Following is the setup of the training process of the student model:

<!-- ![know_dist](https://drive.google.com/uc?id=1QwDc9NFW8YRENWxwsDR7bvJhvM8kctjX) -->
![know_dist](https://i.postimg.cc/nLZHcfHv/image.png)

- Transfer of the generalization ability of teacher model to student model is done by the use of **soft targets.**
- There are two loss terms. The soft labels (from Teacher) and soft predictions (from Student) are used in the first loss term, and the hard prediction (from Student) and hard labels are used in the second loss term. These two terms can always be configured for their contribution.
- If teacher model is an ensemble of simpler models, we use arithmetic or geometric mean of individual predictive distributions as soft targets.
- When high entropy is present in the soft targets, much more information per training case is provided than in the case of hard targets, and much less variance in the gradient between training cases is observed. As a result, the small model can often be trained on much less data than the original cumbersome model while using a much higher learning rate.

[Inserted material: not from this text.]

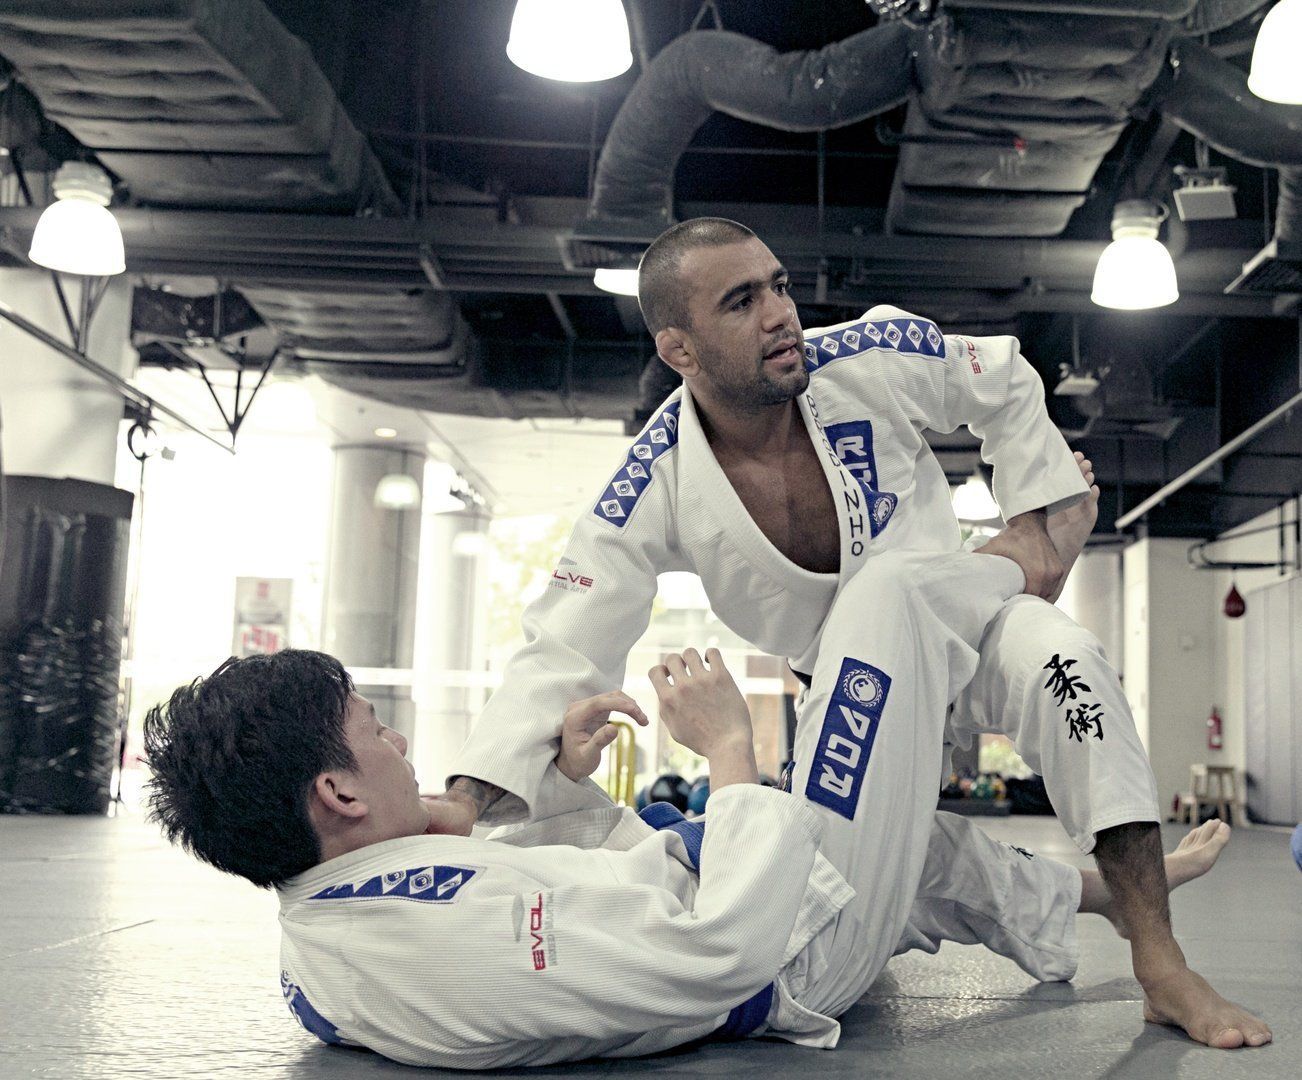 BJJ World Champion and UFC Fighter "Brodinho" Issa has been practicing BJJ for over 15 years.

### The Temperature Parameter:
The temperature parameter, often denoted as $T$, is a crucial element in the Knowledge Distillation process. It controls the softening of the teacher's predictions, making them more informative for the student. The temperature parameter is incorporated through a softmax function.

### Softmax Function:
The softmax function is typically used to convert logits (real-valued scores) into probabilities. In the context of Knowledge Distillation, it is modified to include the temperature parameter:

The standard softmax function is defined as:
$P_i=\frac{e^{z_i}}{∑_je^{z_j}}$
where,
- $P_i$ is the probability of class $i$.
- $z_i$ is the unnormalized logit of class $i$.
- The denominator sums over all logits.

Now, with the temperature parameter:

$p_i = \frac{e^{(z_i/T)}}{∑_je^{(z_j/T)}}$

The temperature parameter $T$ controls the balance between two key aspects in Knowledge Distillation:

1. **Hard Targets**: When $T=1$, the softmax function behaves like the standard softmax, resulting in hard targets. In this case, the student tries to match the exact class probabilities predicted by the teacher, aiming for a highly accurate but potentially overparameterized model.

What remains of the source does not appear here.